Mais si le généraliste et les deux sages-femmes avaient été négligents pour le diagnostic de séro-conversion, cette faute n’était pas à l’origine des complications observées chez l’enfant. Celle-ci souffrait des séquelles d’une rubéole survenue in utero. Il n’y avait aucun traitement préventif de ces séquelles. Elles n’étaient pas, non plus la conséquence d’un quelconque défaut de traitement car il n’existait pas de traitement de la rubéole in utero (…) »
Les experts concluaient que : « (…) L’état de l’enfant était, en partie, imputable aux séquelles d’une rubéole contractée en cours de grossesse et, en partie, à la maladie de Still possiblement conséquence de la rubéole congénitale .La consolidation n’était pas encore atteinte mais la marge de progression possible du fait de la croissance paraissait, déjà, très ténue. Le taux d’IPP, supérieur à 60 % (surdité totale), s’établissait autour de 80 %. Mais une réévaluation était indispensable en fin d’adolescence (…) »
Tribunal de Grande Instance (septembre 2013)
Sur le droit à indemnisation de l’enfant, les magistrats rappelaient que : « (…) L’alinéa 2 de l’article L114-5 du Code de l’Action Sociale et des Familles subordonnait la réparation du préjudice de la personne née avec un handicap, à un acte fautif ayant ʺprovoqué directement le handicap ʺ ou l’ayant ʺ aggravé ʺ ou n’ayant ʺ pas permis de prendre les mesures susceptibles de l’atténuer ʺ. Or, d’après les experts, la faute imputée au médecin généraliste et aux deux sages-femmes n’a ni provoqué le handicap, ni empêché de prendre les mesures susceptibles de l’atténuer étant acquis qu’il n’existe à cette fin et, en l’état actuel de la science, aucun moyen de l’atténuer (…).
En conséquence, le tribunal décidait de rejeter les demandes d’indemnisation du préjudice direct de l’enfant.
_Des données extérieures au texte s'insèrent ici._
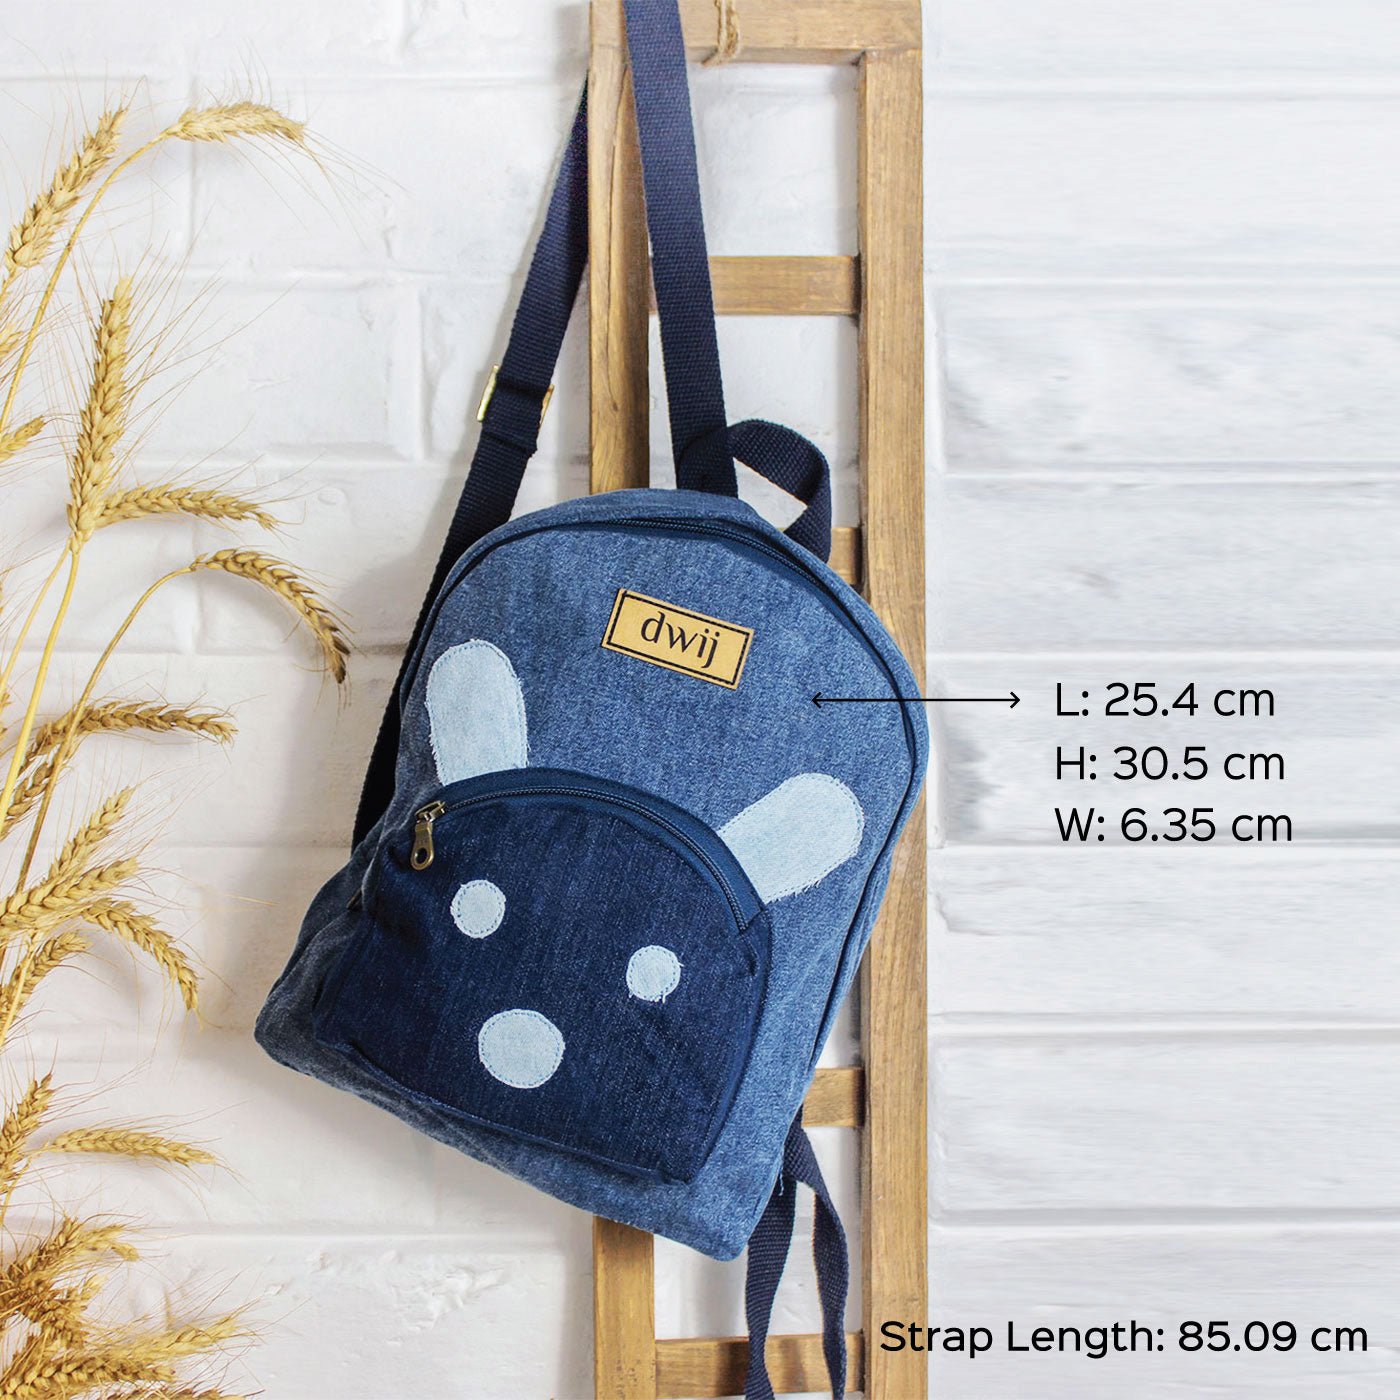 Upcycled Denim Slings | dwij products

Sur le droit d’indemnisation de la mère, les magistrats estimaient que : « (…) Le seul préjudice dont elle pouvait demander réparation était la perte de chance d’avoir pu, en toute connaissance de cause, prendre la décision d’une interruption de grossesse pour motif médical. S’agissant d’une liberté relevant du pouvoir discrétionnaire exerçable en conscience par la mère, nul n’est recevable à lui opposer l’impossibilité de déterminer si, parfaitement informée des risques encourus par le foetus du fait d’une infection rubéolique qui ne peut être traitée à titre préventif, elle eût pris la décision de faire interrompre sa grossesse. Il suffit de constater qu’elle a été privée des moyens d’exercer cette option pour en caractériser le préjudice corrélatif. En revanche, quant à l’appréciation de la perte de chance qu’il en est résulté, l’on doit, aussi, retenir : -qu’elle était parfaitement informée qu’elle n’était pas immunisée contre la rubéole, et -que, pour des raisons personnelles, elle n’avait pas souhaité de vaccination, avant le début de la grossesse alors que le médecin généraliste la lui avait proposée.…
Toutefois, il n’y a pas lieu d’accabler cette mère qui doit d’abord être considérée comme une victime et non comme une co-responsable… D’évidence, l’ampleur de son préjudice moral n’est pas incompatible avec une indemnisation de base de 50 000 €. Ses choix sanitaires, dictés sans doute par une certaine idée de la science et une philosophie toute personnelle de la vie, ne saurait lui valoir qu’une diminution de 40 %(…) »
Condamnation du médecin généraliste et des deux sages-femmes à payer – in solidum- - à la mère de l’enfant la somme de 30 000 €, plus 2 500 € de remboursement de frais de justice.